In partnership with California Polytechnic State University (Cal Poly), Mesa is studying how barn owls use vineyard landscapes during nesting season and how the vineyard itself influences hunting activity. The goal is to identify where owls naturally concentrate their efforts, so growers can better support biological rodent control. 

From March through July, researchers tracked more than 20 barn owls using GPS tags, mapping their movements across vineyard properties. After recovering the tags, the team examined the locations where owls captured prey. 

Mesa used their data to determine which habitat features most influenced hunting behavior. 

Early findings already reveal clear patterns. The owls most often struck in areas with shorter canopy height and dense ground cover. Lower vegetation allows them to reach the vineyard floor more easily, while thick ground cover supports higher rodent activity. 

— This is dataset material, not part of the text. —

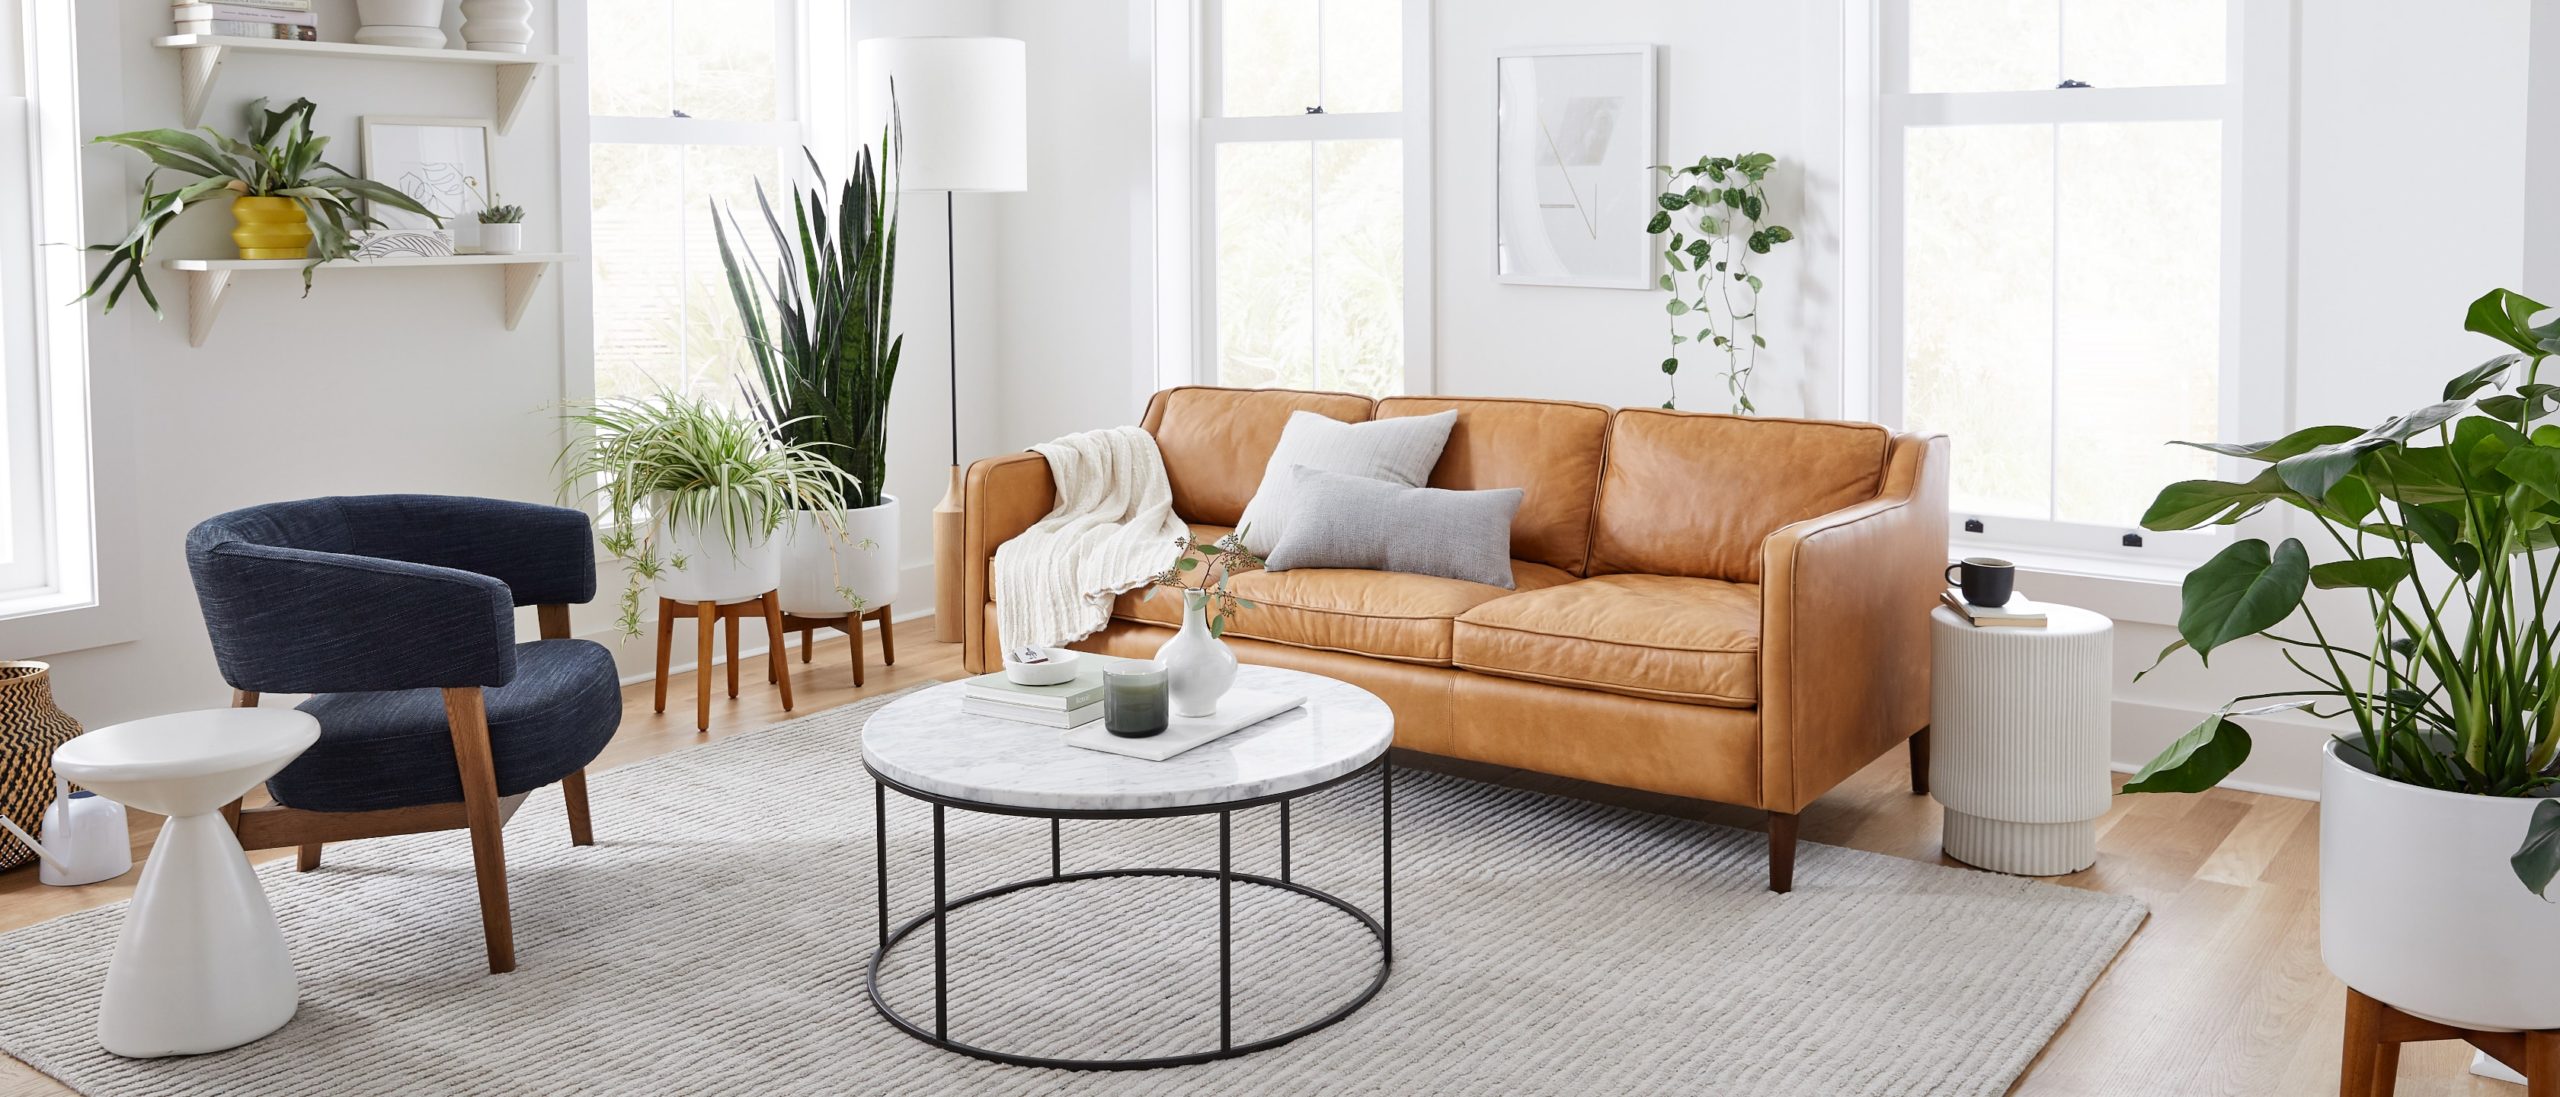 Guide To Small Space Decorating, West Elm Living Room Ideas
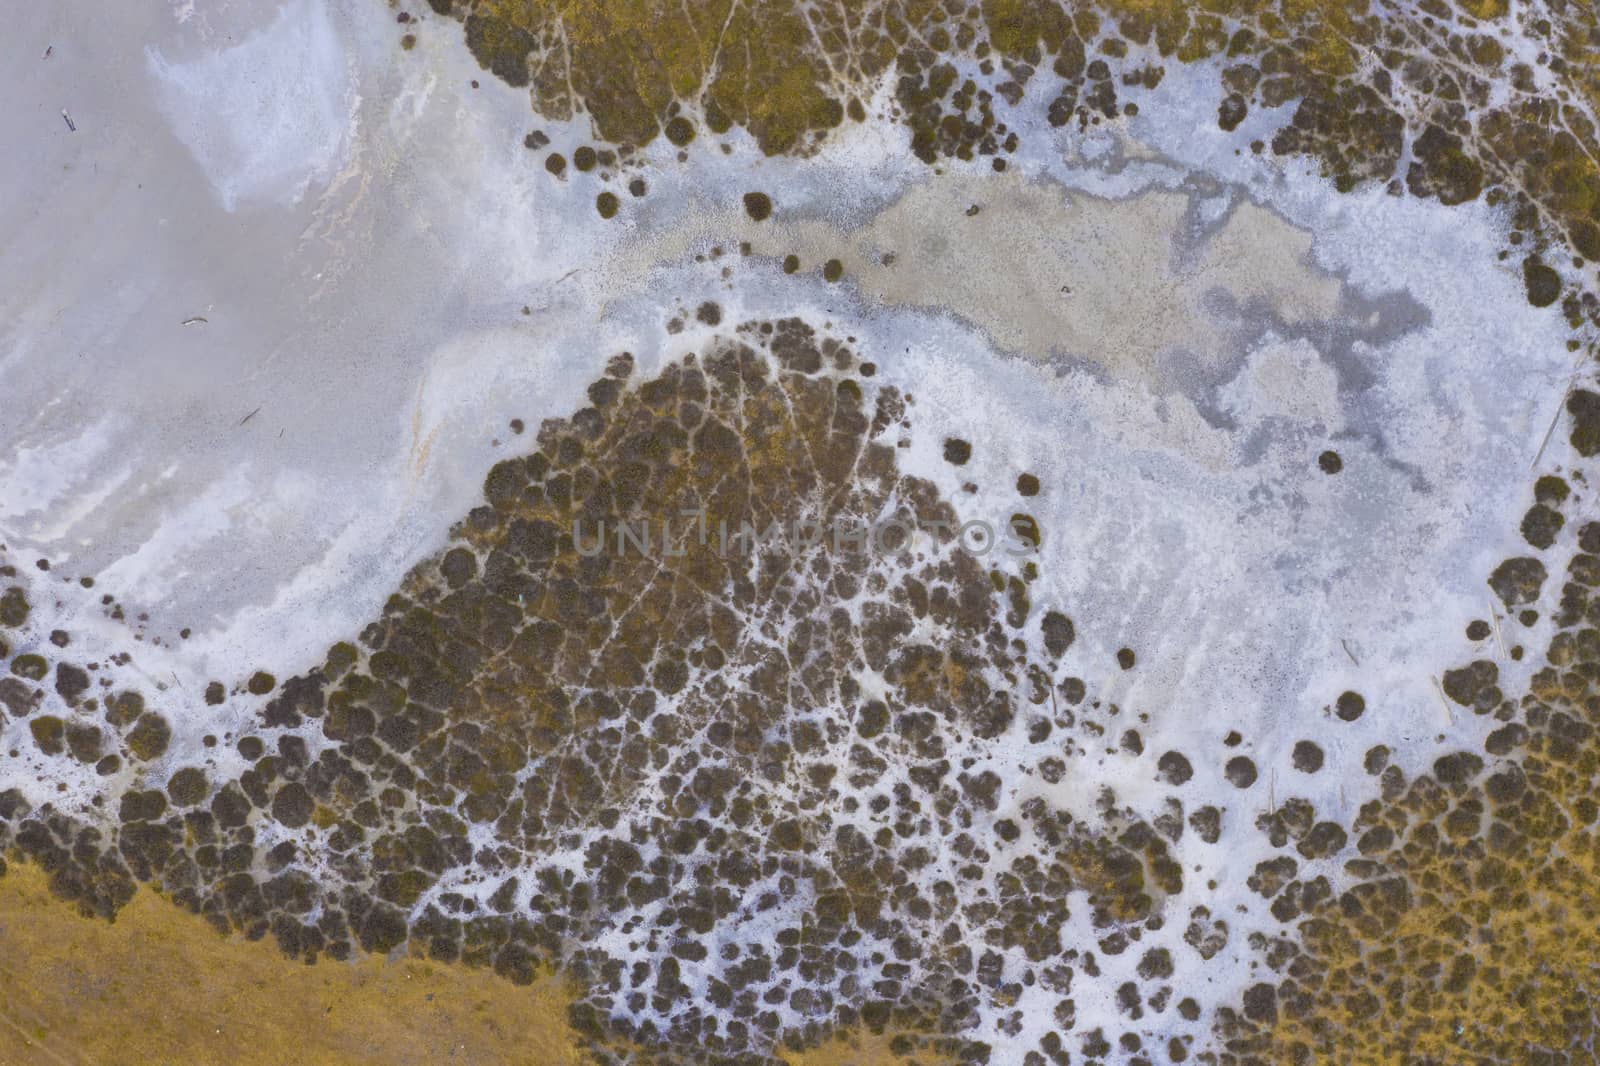 Aerial view of a water reservoir affected by drought in regional Australia by WittkePhotos

In other words, the very conditions that support a healthy vineyard floor also create ideal hunting grounds for natural predators. 

Rodent sampling helped confirm the impact. At the study sites, gophers and voles — two of the primary pests growers work to control — made up roughly 75–85 percent of the prey barn owl adults returned to their nests to feed their young. 

Researchers are continuing to analyze the data to understand how landscapes impact hunting success. Future models will estimate how many rodents owls remove from vineyard systems, identify preferred hunting areas through heat maps, and track how owls move between nesting sites and feeding grounds. 

For Mesa, the goal is not simply installing owl boxes. It is understanding how vineyard design can support natural predators and strengthen biological pest control.